■ **WHAT THIS TASK INVOLVES**
All of the records are to be reproduced exactly.

■ **DATASET ENTRIES**
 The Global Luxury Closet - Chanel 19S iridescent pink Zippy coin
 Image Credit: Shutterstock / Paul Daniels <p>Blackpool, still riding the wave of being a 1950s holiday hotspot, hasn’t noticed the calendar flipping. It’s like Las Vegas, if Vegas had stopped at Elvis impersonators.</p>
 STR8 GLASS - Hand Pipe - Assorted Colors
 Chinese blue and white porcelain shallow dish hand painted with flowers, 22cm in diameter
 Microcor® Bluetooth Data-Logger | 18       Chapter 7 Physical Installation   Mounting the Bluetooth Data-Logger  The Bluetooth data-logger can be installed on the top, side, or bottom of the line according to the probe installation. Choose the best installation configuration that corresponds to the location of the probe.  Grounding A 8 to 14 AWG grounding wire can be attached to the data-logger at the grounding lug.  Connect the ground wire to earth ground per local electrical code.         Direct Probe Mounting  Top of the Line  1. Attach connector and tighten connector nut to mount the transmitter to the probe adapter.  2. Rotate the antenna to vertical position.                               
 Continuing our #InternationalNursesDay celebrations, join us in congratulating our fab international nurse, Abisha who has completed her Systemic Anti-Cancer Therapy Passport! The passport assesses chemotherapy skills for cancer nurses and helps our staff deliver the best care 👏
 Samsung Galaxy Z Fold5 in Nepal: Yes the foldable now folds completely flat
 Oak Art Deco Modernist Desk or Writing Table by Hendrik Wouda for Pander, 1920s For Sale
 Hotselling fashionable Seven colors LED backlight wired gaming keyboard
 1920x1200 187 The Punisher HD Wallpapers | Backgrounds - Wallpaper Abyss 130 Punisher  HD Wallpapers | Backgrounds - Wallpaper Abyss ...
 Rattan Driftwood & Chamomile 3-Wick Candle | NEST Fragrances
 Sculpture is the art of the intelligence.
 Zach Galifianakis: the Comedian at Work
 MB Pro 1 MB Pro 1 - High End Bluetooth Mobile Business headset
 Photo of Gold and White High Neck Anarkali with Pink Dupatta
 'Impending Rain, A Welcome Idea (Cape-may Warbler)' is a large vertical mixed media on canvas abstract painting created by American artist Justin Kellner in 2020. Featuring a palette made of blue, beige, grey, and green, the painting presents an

■ **EXERCISE RESULT**
 The Global Luxury Closet - Chanel 19S iridescent pink Zippy coin
 Image Credit: Shutterstock / Paul Daniels <p>Blackpool, still riding the wave of being a 1950s holiday hotspot, hasn’t noticed the calendar flipping. It’s like Las Vegas, if Vegas had stopped at Elvis impersonators.</p>
 STR8 GLASS - Hand Pipe - Assorted Colors
 Chinese blue and white porcelain shallow dish hand painted with flowers, 22cm in diameter
 Microcor® Bluetooth Data-Logger | 18       Chapter 7 Physical Installation   Mounting the Bluetooth Data-Logger  The Bluetooth data-logger can be installed on the top, side, or bottom of the line according to the probe installation. Choose the best installation configuration that corresponds to the location of the probe.  Grounding A 8 to 14 AWG grounding wire can be attached to the data-logger at the grounding lug.  Connect the ground wire to earth ground per local electrical code.         Direct Probe Mounting  Top of the Line  1. Attach connector and tighten connector nut to mount the transmitter to the probe adapter.  2. Rotate the antenna to vertical position.                               
 Continuing our #InternationalNursesDay celebrations, join us in congratulating our fab international nurse, Abisha who has completed her Systemic Anti-Cancer Therapy Passport! The passport assesses chemotherapy skills for cancer nurses and helps our staff deliver the best care 👏
 Samsung Galaxy Z Fold5 in Nepal: Yes the foldable now folds completely flat
 Oak Art Deco Modernist Desk or Writing Table by Hendrik Wouda for Pander, 1920s For Sale
 Hotselling fashionable Seven colors LED backlight wired gaming keyboard
 1920x1200 187 The Punisher HD Wallpapers | Backgrounds - Wallpaper Abyss 130 Punisher  HD Wallpapers | Backgrounds - Wallpaper Abyss ...
 Rattan Driftwood & Chamomile 3-Wick Candle | NEST Fragrances
 Sculpture is the art of the intelligence.
 Zach Galifianakis: the Comedian at Work
 MB Pro 1 MB Pro 1 - High End Bluetooth Mobile Business headset
 Photo of Gold and White High Neck Anarkali with Pink Dupatta
 'Impending Rain, A Welcome Idea (Cape-may Warbler)' is a large vertical mixed media on canvas abstract painting created by American artist Justin Kellner in 2020. Featuring a palette made of blue, beige, grey, and green, the painting presents an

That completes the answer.